Юрий Тынянов - Смерть Вазир-Мухтара
Бричка – та же квартира: в северной комнате – вина и припасы, в южной – платье и книги, все, что нужно человеку. Только меньше пустоты и движений. За человека движутся лошади.
Оседлая его деятельность здесь, на простой, пыльной дороге, изумила его.
Сколько разговоров, улыбок, разнородных покроев собственного невеселого лица.
Всласть он наговорил иностранных слов иностранным людям.
Всласть он наигрался в сумасшедшую игру с авторами, подобную игре на клавиатуре, закрытой сукном.
Жил он не в себе, а в тех людях, которые поминутно с ним бывали, а все они были умники либо хотели ими быть, все были действователи: военные, дипломатические, литературные.
Какие ж это люди?
Они жили по платью, по платью двигались: куда платье, туда и они.
– Александр! Ты что ж, опять заснул? Видишь, привал. Разве ты не чувствуешь, что кони стали? Доставай вина, телятины. Сядем под дуб. Ямщик, присаживайся, голубчик. Ты какой губернии?
Леночка просила в последний миг расставанья:
– Alexandre, приезжайте к нам в Карлово.
(Карлово – лифляндское имение Фаддея, заработал себе на старость.)
Тогда же дала свой локон и всхлипнула. Подумать всерьез.
Кавказская девочка исчезла из поля зрения.
Дуб у дороги, похожий на корявую ростральную колонну петербургской биржи.
Накануне отъезда он был на колонне, взбирался на нее с неясной целью. Вид был великолепен – разноцветные кровли, позолота церковных глав, полная Нева, корабли и мачты.
Когда-нибудь взойдут на столб путешественники – когда столб переживет столицу – и спросят: а где стоял дворец? где соборы? Будут спорить.
Родофиникин, финик-то, так ведь и не выдал за месяц вперед, ускромил. Ах ты финик!
Ах ты азиатское начальство, ваше превосходительство, пикуло-человекуло, мать твою дерикуло!
И напоминать нельзя, не то торопить будет в Азию.
Станция.
– Вы что, голубчики, читаете?
– Объявление новое, о войне, вышло.
– Так какое же новое? Оно ведь в апреле вышло, схватились. Мы уже, почитай, месяца как три деремся.

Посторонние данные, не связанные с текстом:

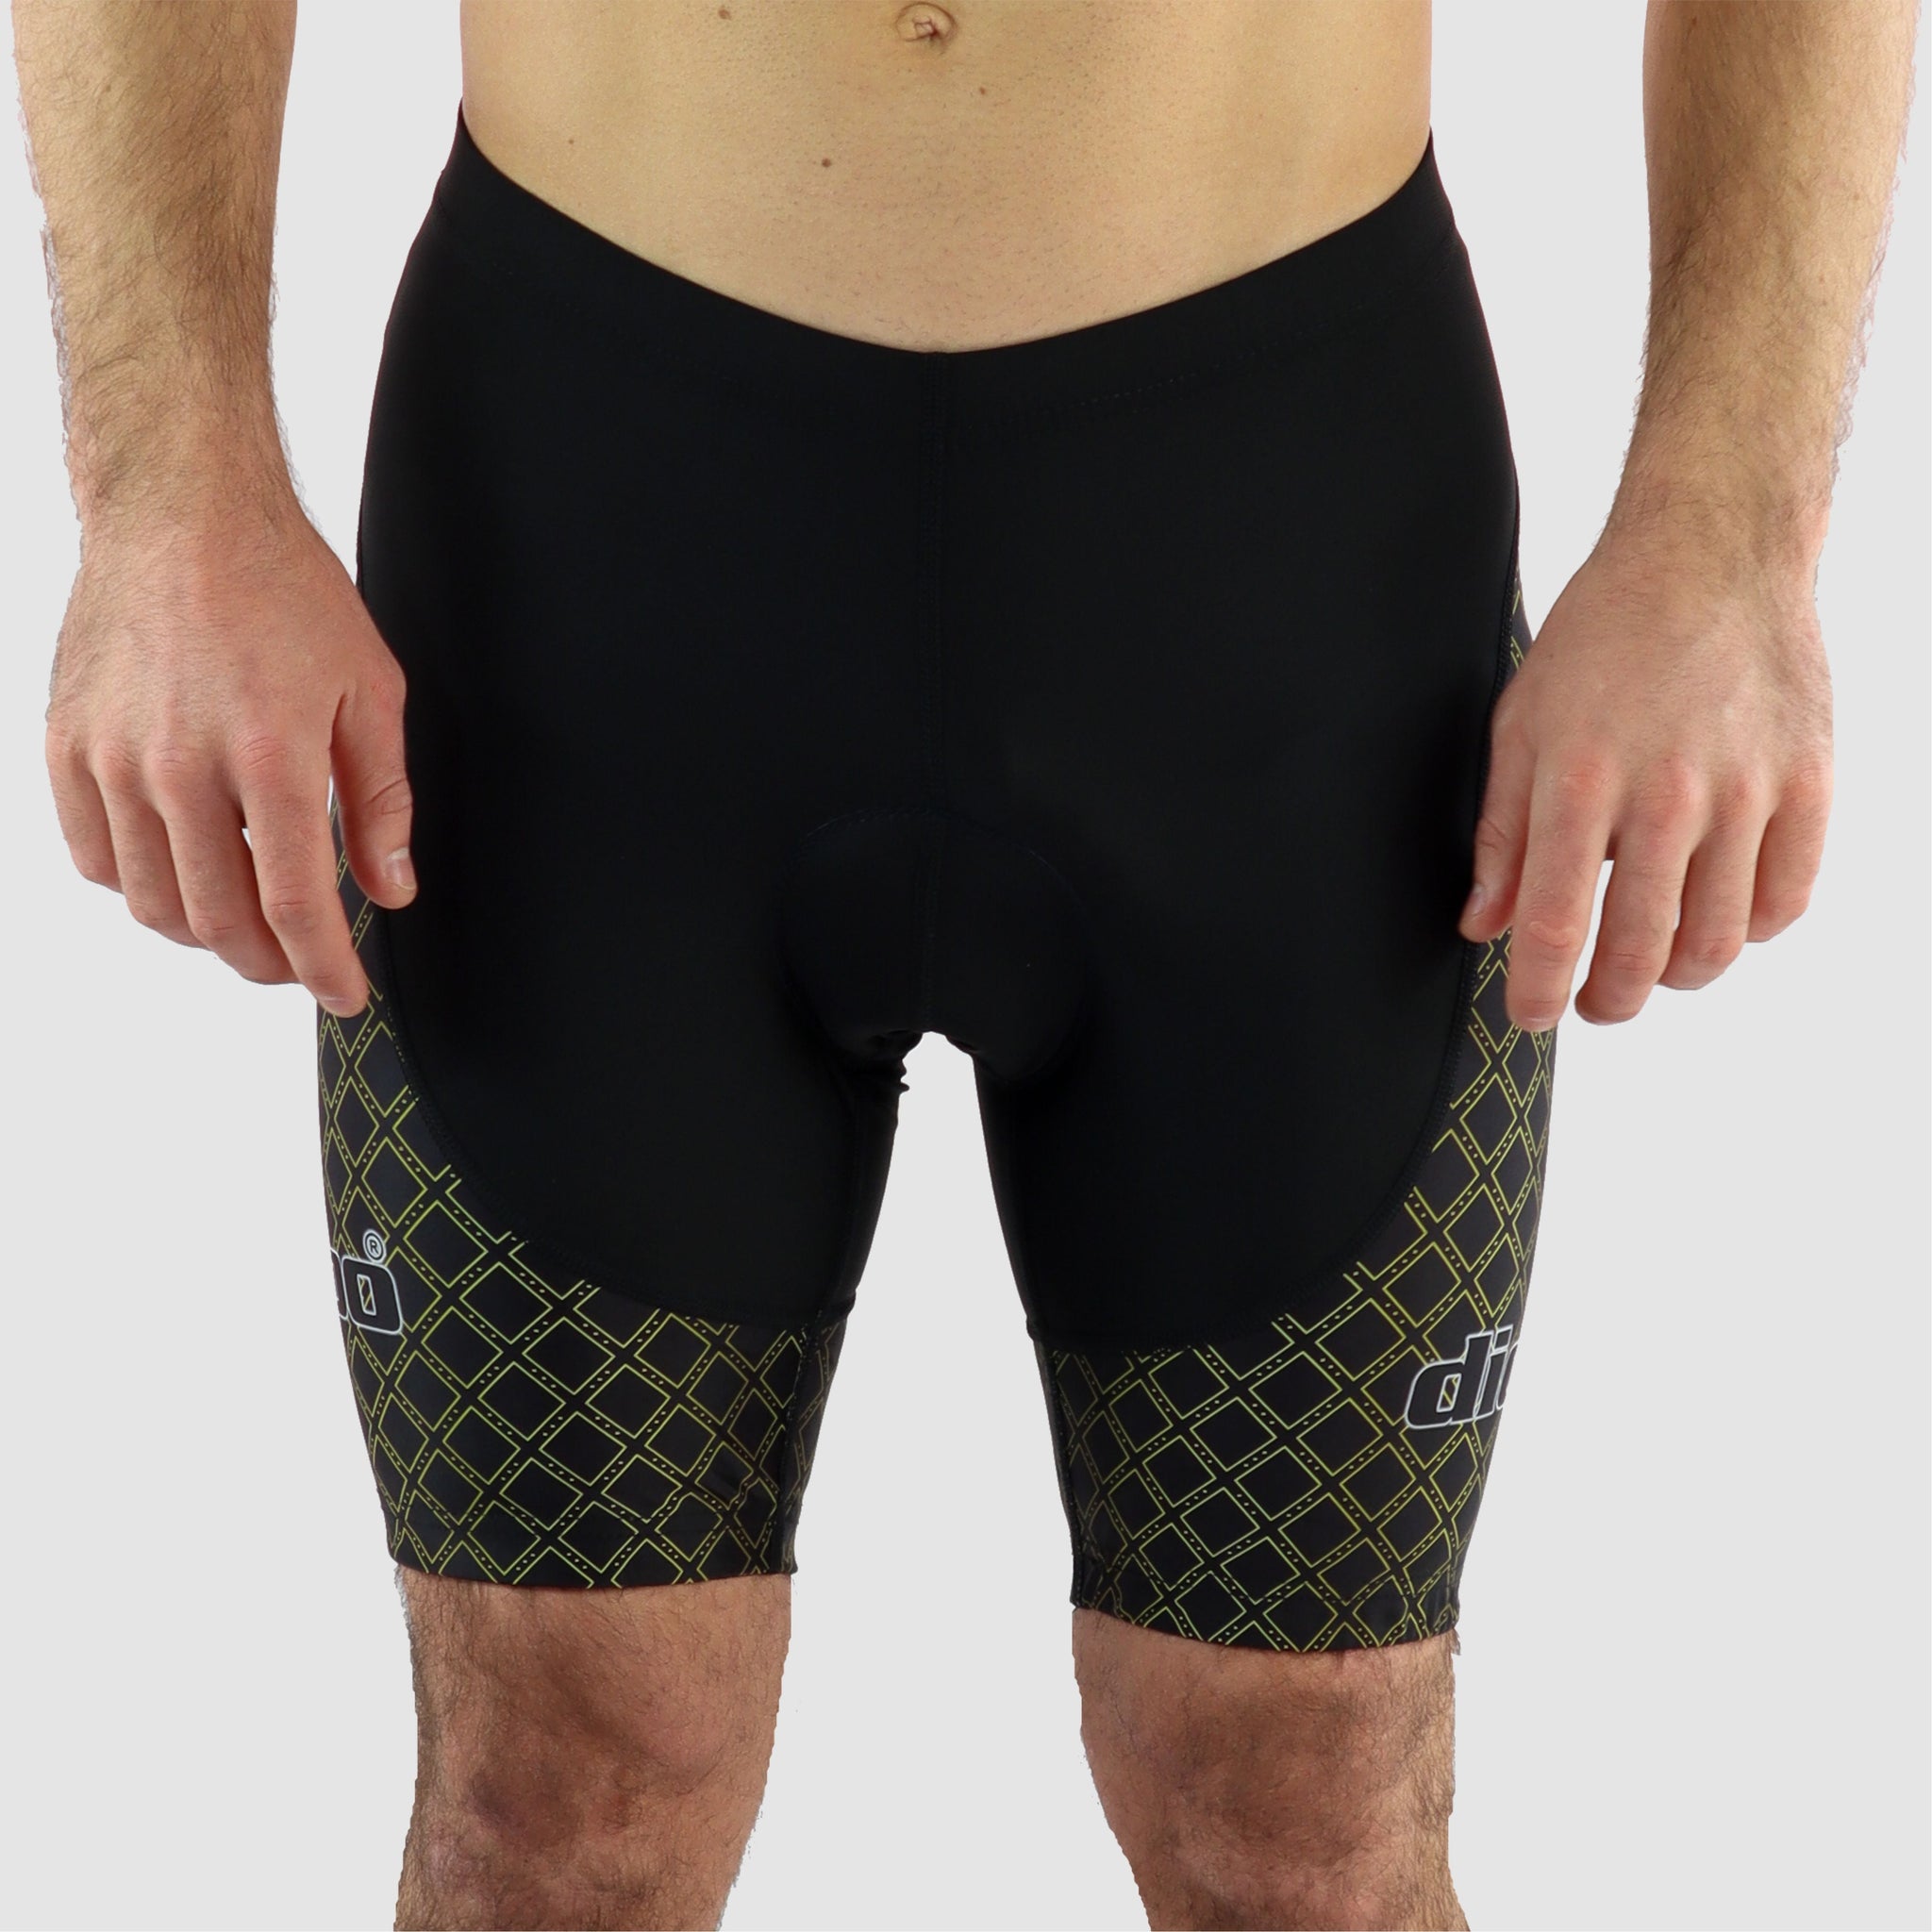 DiDOO Men's Classic Quick Dry Padded Cycling Shorts Black

– Мы не знаем, только опять персияны с нами дерутся, с нас уж рекрутов и то берут, берут. Все с нашей деревни.
– Как персияне? У нас война теперь с турками.
– Для чего с турками? Написано: персияны.
– Ты не тут читаешь. Тут о причинах войны.
– Все одно, что причина, что война. Мы не знаем. С нашей деревни, с Кривцовки, рекрутов побрали.
Катенька – вот истинно милая женщина. Явился к ней попрощаться, а она в амазонке.
– Я с вами еду, Александр.
– Куда вы, Катенька, что с вами, милая! Как она тогда вздохнула.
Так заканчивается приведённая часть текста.